5. ダンジョンの発生
ようやくギルドマスターの部屋にたどり着いたエトウたちはそのまま中に通された。
そこにはギルドマスターのサイドレイクに加えて、以前、勇者パーティーの報告に同席していたグランドマスターのトライエもいた。
「お久しぶりです、トライエ様。サイドレイク様だけでなくグランドマスターもご一緒ということは、なにか大きな事件が起こったのですか?」
エトウが単刀直入に尋ねると、トライエは深くうなずく。
「王都の東、アツサ村の近くにダンジョンが発生した」
そこはB級試験の最中、街道にホブゴブリンが出てきたすぐ近くであり、ソラノが殺気混じりの視線を、アモーが気味の悪い感覚を得た場所だった。
エトウから報告があってすぐに、ギルドではC級の冒険者パーティー二組を調査に向かわせたという。そのうちの一組しかもどって来なかったが、アツサ村の近くにダンジョンの入口を発見したそうだ。
その周辺にはかなりの数のゴブリンが集まっており、アツサ村は壊滅状態。ゴブリンの数が多すぎて、生存者の確認もできない状態だったようだ。
「それはスタンピードではないのか?」
ソラノはいつもパーティーメンバーに話すような口調でトライエに尋ねた。
相手はグランドマスターなんだけどと、この非常時にも身分や立場のことを心配してしまう自分の小物ぶりに呆れながら、ソラノの言葉づかいにトライエが怒り出さないことを願うエトウだった。
「ええ、状況的にはスタンピードの兆候が見られます。しかし、大きく育ったダンジョンならばともかく、できて間もないダンジョンを中心に魔物たちが集まるなどという話は聞いたことがありません。

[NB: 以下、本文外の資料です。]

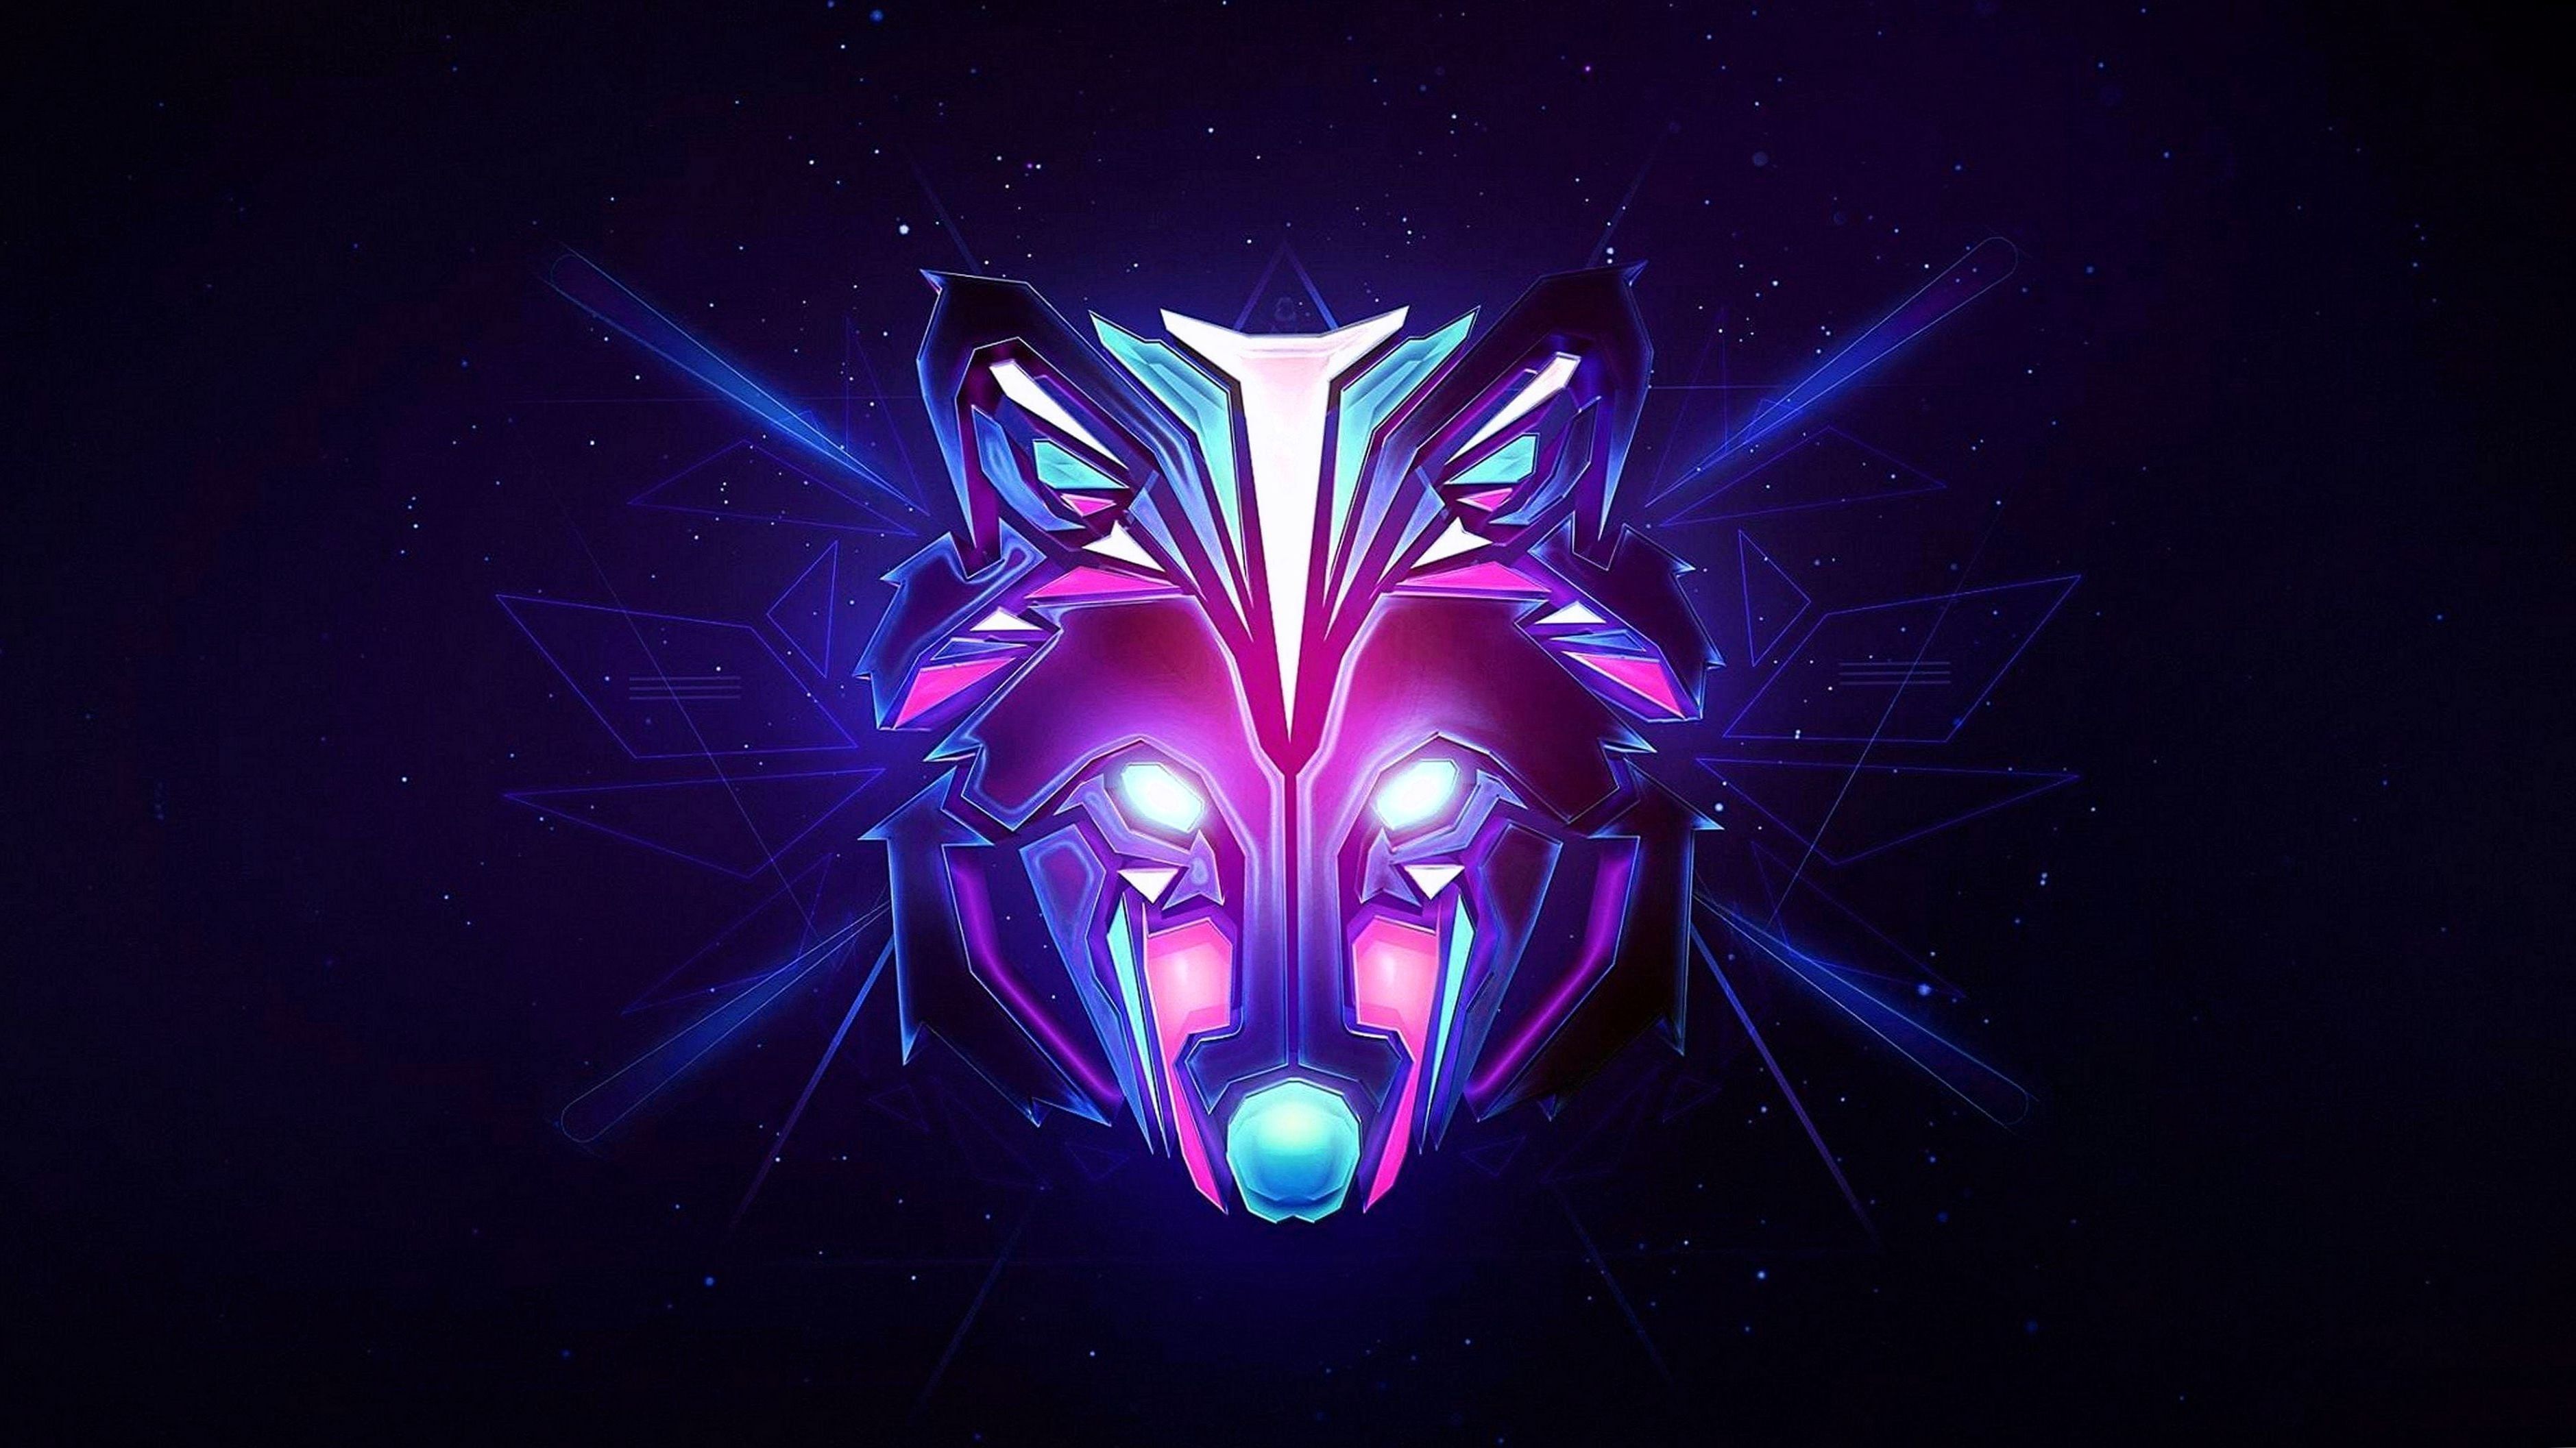 Free download Gamingwolfs in 2020 Wolf wallpaper 2048x1152 ...

現場で一体なにが起きているのか、過去の事例が役に立たない状況なんです」
ギルドマスターのサイドレイクが代わりに答えた。
「新しいダンジョン、大量のゴブリン種、スタンピードの兆候」
ソラノは今起きている状況について、キーワードを出しながら考えているようだった。
「いずれにしても魔物の群れの第一陣はすでに王都の壁に迫っていたんだ。それは大した数ではなかったから、騎士団と守備兵によって撃退された。現在は魔法士団も臨時召集を行い、城壁の守りについている」
「トライエ様、すでに第一陣が王都を攻めているのですか?」
エトウは驚いて聞き返した。
「そうだ。そして、君たちを呼んだのは、魔法士団の団長がエトウくんに協力を求めているからだ。面識があるのだろう? 夢幻のピュークだよ」
エトウが勇者パーティーに加わった直後、ピュークに魔法の指導を受けたことがあった。
ピュークはエトウの補助魔法を高く評価してくれた。
周囲の話を聞くと、なにを考えているのか分からないとか、変人奇人の類いだとか散々な評判だったが、固定観念にとらわれずに魔法研究に熱中するピュークのことをエトウは好ましく感じていた。

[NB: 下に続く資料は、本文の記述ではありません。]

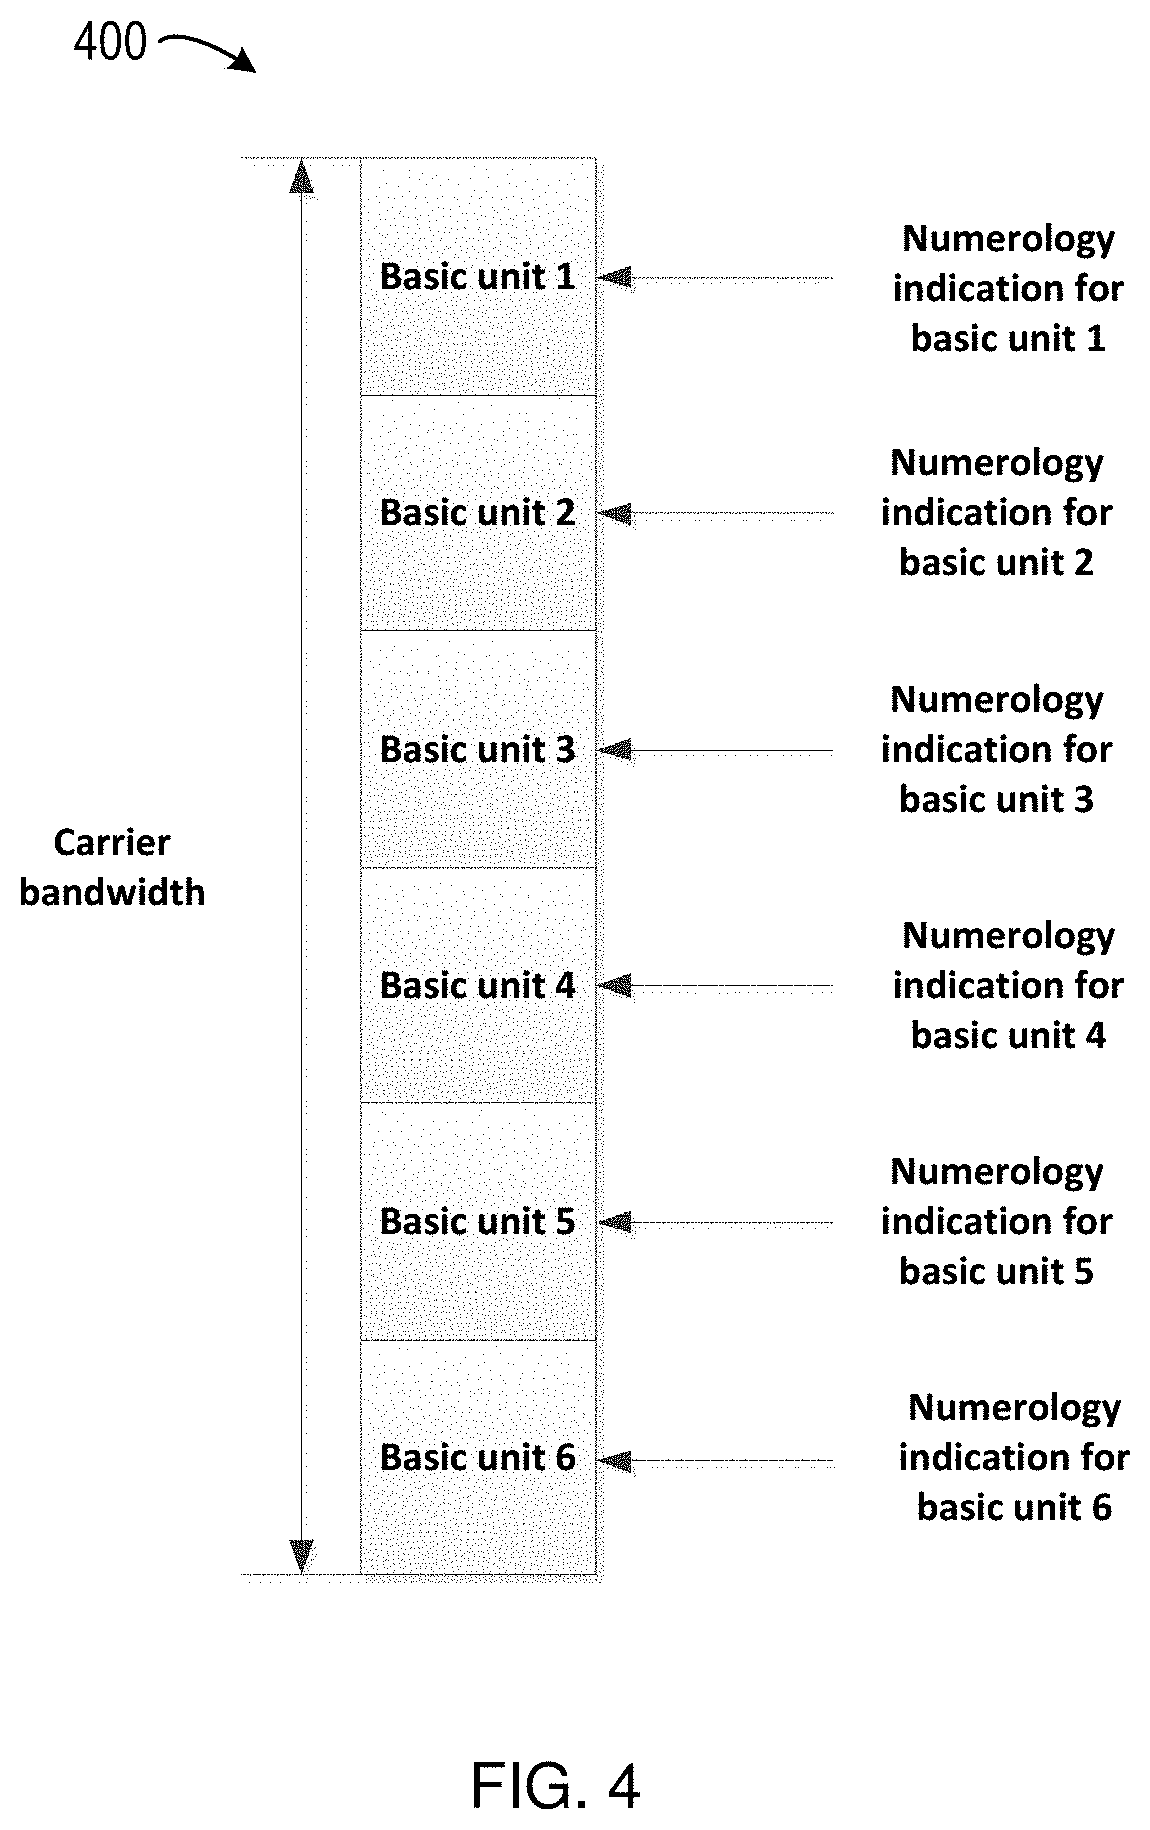 Method and device for indicating numerology

「ええ、ピューク様には魔法の指導を受けたことがあります。そうですか、ピューク様が私のことを。分かりました、自分はどこに向かえばよいでしょうか?」
「そうか! 行ってくれるか! 東の壁と南の壁がぶつかるところに建っている尖塔にピュークはいる。そこまではギルド職員に案内させよう。どうかよろしく頼む」
エトウはパーティーメンバーを見渡して、自分がピュークに恩があることや、自分にとって好ましい人物であることを告げた。そして、ピュークが助けを求めているならば、自分はそれに応えたいと言った。
「エトウがそう言うなら私も行く」
「このまま宿に帰っても眠れない。城壁で防御を固めるなら、ウチの弓は役に立つはず」
「自分にできることがあれば命じてくれ」
三人はそれぞれエトウについていくことを伝えたのだった。